Trump called himself “Mr. Brexit” yesterday. Funny, almost, in light of the reality of how removing E.U. immigrants is going to drastically change how Britain feeds itself. America too if the anti-immigrant brigade ever gets a modicum of power. Have you ever picked vegetables in the hot sun? It’s not work I’d do voluntarily, even if it paid above minimum wage. Trump’s anti-immigrant army will be spluttering in impotent rage if tomatoes were $50/lb, if lettuce was something you only could afford to eat over the holidays, if a hamburger cost $35 even to make it at home with store-bought ingredients. 

But then Trump’s cult has never had the ability to comprehend facts.

Courgetts (or Courgettes)
Courgetts (or Courgettes) (a/k/a Zucchini)

Anyway, back to Britain, where Carla Power writes, in part:

“Brexit” has sown deep uncertainty in Britain’s food system, which for the last 43 years has been entwined with the rest of Europe’s, relying heavily on the EU for everything from pork to peaches to farm subsidies to the labor that picks its tomatoes. Now, the country is going to have to rethink how it feeds itself, from farm to fork.

“Food is the biggest sector of engagement with Europe,” said Timothy Lang, a professor at City University London’s Center for Food Policy. “It’s hundreds of thousands of contracts, all woven into long supply chains.”

Currently, European laws regulate nearly everything that ends up on British plates: how clean a chicken should be before slaughter, how cold to keep frozen cod, who gets to call their biscuits “gluten free.”

Now, Britain will have to decide all that for itself. Some groups already have begun lobbying Prime Minister Theresa May’s new government for regulations to improve animal welfare and protect soils.

But what Britain can’t do is feed itself. The country imports more than $50 billion a year in food, or nearly half of what it eats. That’s more than double what it exports. Most wine and beef come from mainland Europe, as do about 40% of fruit and vegetables.

The future of food in Britain will depend largely on what sort of trade deals the government can strike with the European alliance it is preparing to abandon.

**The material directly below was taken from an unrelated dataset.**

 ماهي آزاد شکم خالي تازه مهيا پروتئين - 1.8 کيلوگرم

Germany and other European powers have made it clear that they will not grant Britain the benefits of EU membership if it leaves and that the country probably will face tariffs on many of its imports.

New tariffs on food would drive up prices and potentially change the nation’s diet.

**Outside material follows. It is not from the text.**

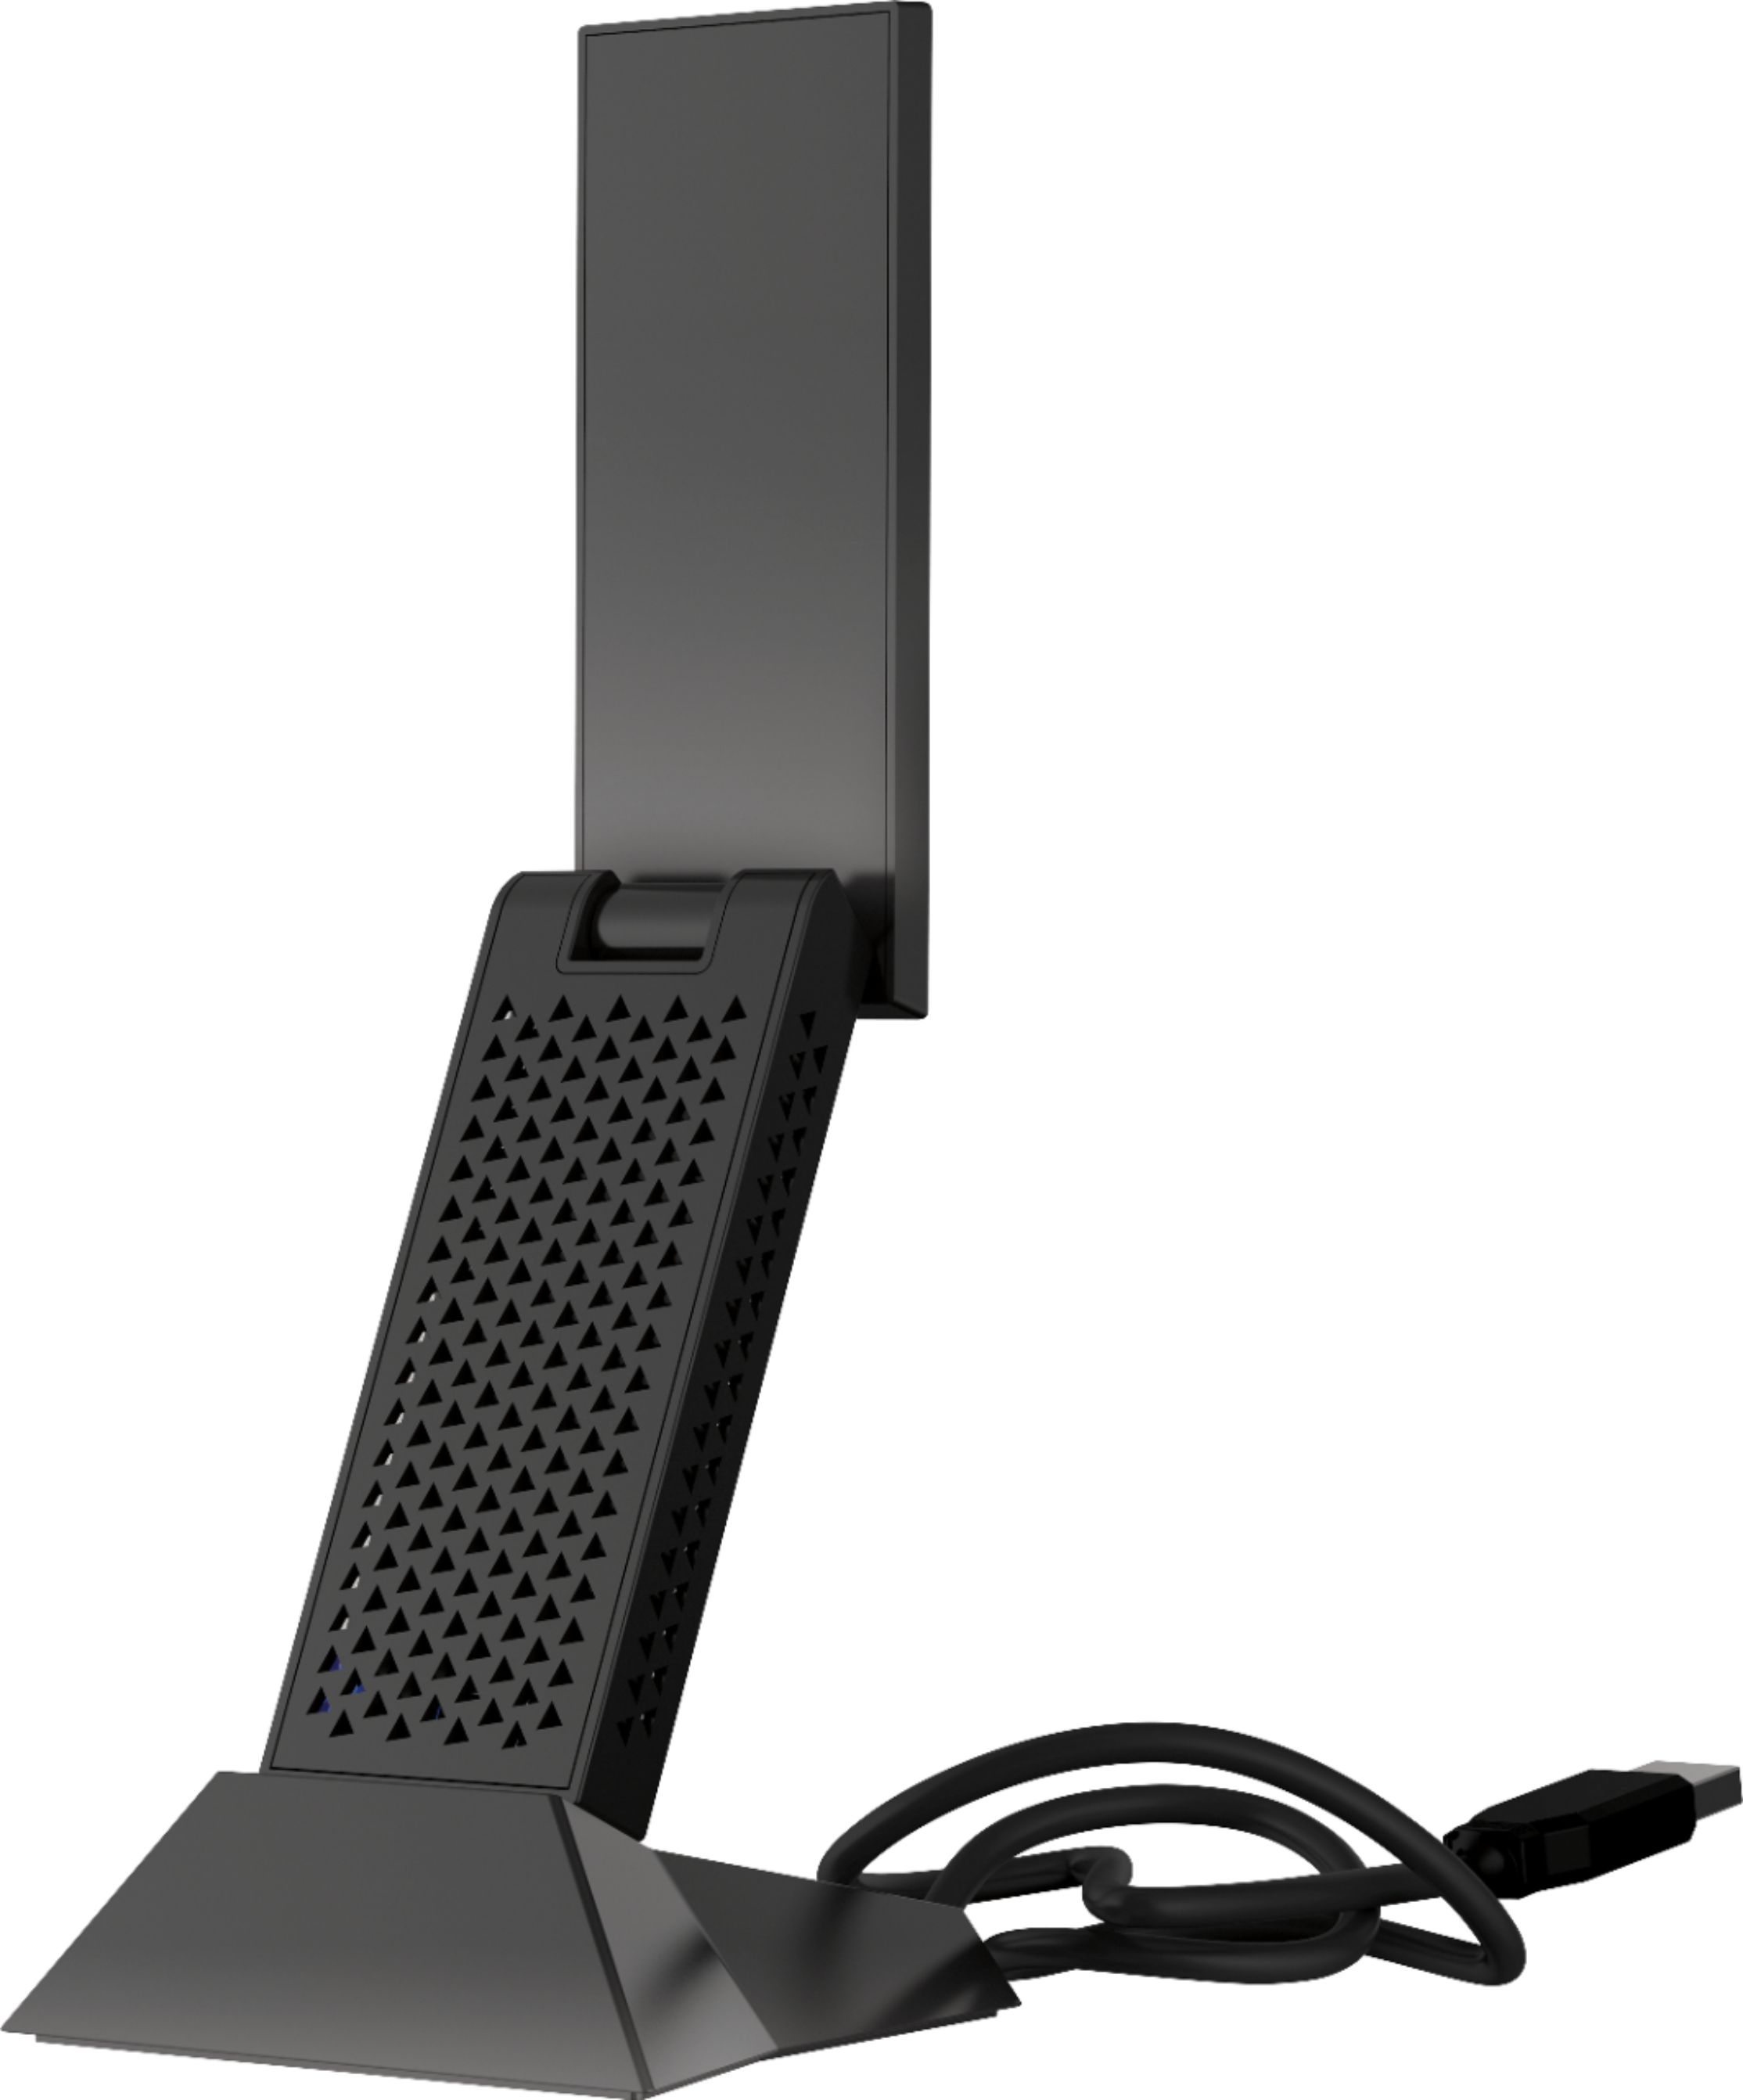 Nighthawk AC1900 Dual-Band WiFi USB 3.0 Adapter Black NETGEAR

EU membership has brought them a flexible, energetic and mobile labor force of Romanians, Bulgarians and other Eastern Europeans. While EU-born workers from outside Britain make up 6% of the country’s workforce, they account for more than a quarter of employees in the food manufacturing industry — and 95% of crop pickers.

“Every strawberry eaten at Wimbledon was picked by an Eastern European,” said John Hardman of Hops Labour Solutions, an agricultural recruitment firm in Kenilworth. “Every Brussels sprout eaten at Christmas dinner was picked by an Eastern European.”
If Britain stops free movement of EU workers, farmers may struggle to find replacements. Britons themselves don’t seem keen on the low wages and long hours in the orchards and fields.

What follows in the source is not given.